Palace of Westminster (England)
The Palace of Westminster, also known as the Houses of Parliament or Westminster Palace, is the meeting place of the two houses of the Parliament of the United Kingdom—the House of Lords and the House of Commons. It lies on the north bank of the River Thames[note 1] in the heart of the London borough of the City of Westminster, close to the historic Westminster Abbey and the government buildings of Whitehall and Downing Street. The name may refer to either of two structures: the Old Palace, a medieval building complex most of which was destroyed in 1834, and its replacement New Palace that stands today; it has retained its original style and status as a royal residence for ceremonial purposes. The subsequent competition for the reconstruction of the Palace was won by architect Charles Barry and his design for a building in the Perpendicular Gothic style.

National Palace (Mexico)
The National Palace, or Palacio Nacional in Spanish), is the seat of the federal executive in Mexico. It is located on Mexico City's main square, the Plaza de la Constitución (El Zócalo). This site has been a palace for the ruling class of Mexico since the Aztec empire, and much of the current palace's building materials are from the original one that belonged to Moctezuma II. Used and classified as a Government Building, the National Palace, with its red tezontle facade, fills the entire east side of the Zocalo, measuring over 200 meters long. It is home to the offices of the president of Mexico, the Federal Treasury and office of the National Archives.. The facade is bordered on the north and south by two towers and include three main doorways, each of which lead to a different part of the building.

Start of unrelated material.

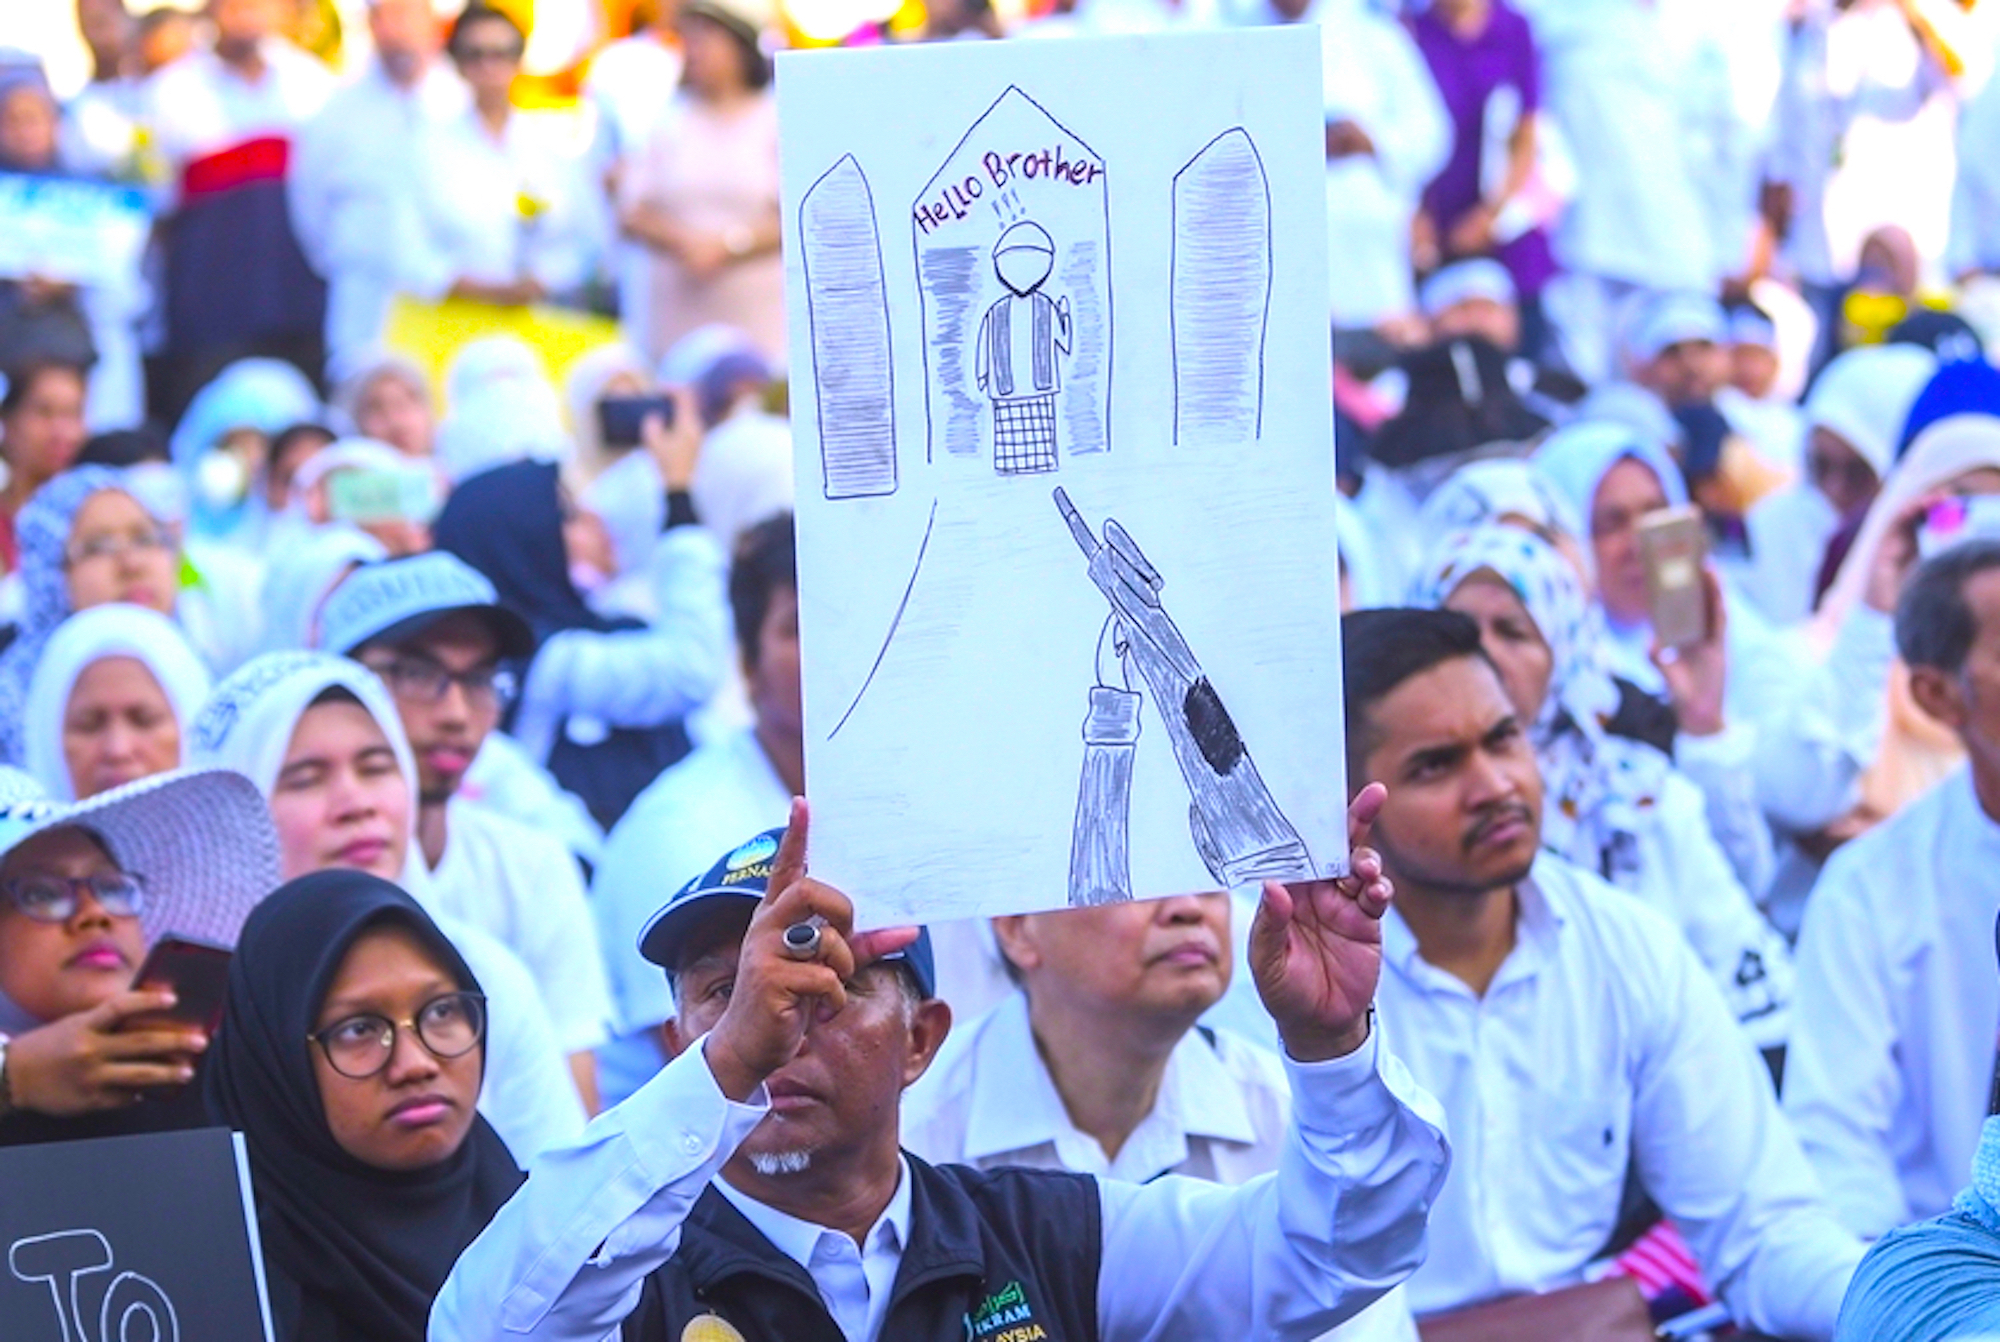 مجموعة من المتظاهرين يحملون رسم للمقولة الشهيرة في مجزرة نيوزيلندا ”مرحبا أخي“

Palacio de Bellas Artes (Mexico)
The Palacio de Bellas Artes (Palace of Fine Arts) is the most important cultural center in Mexico City as well as the rest of the country of Mexico. It is located on the west side of the historic center of Mexico City next to the Alameda Central park. One aspect of the Palace which has since disappeared is the “Pergola,” which was located in the Alameda. It was constructed to house pictorial exhibitions for the 1910 celebrations, but it was demolished in 1973. The first National Theater of Mexico was built in the late 19th century, but it was soon decided to tear this down in favor of a more opulent building in time for Centennial of the Mexican War of Independence in 1910.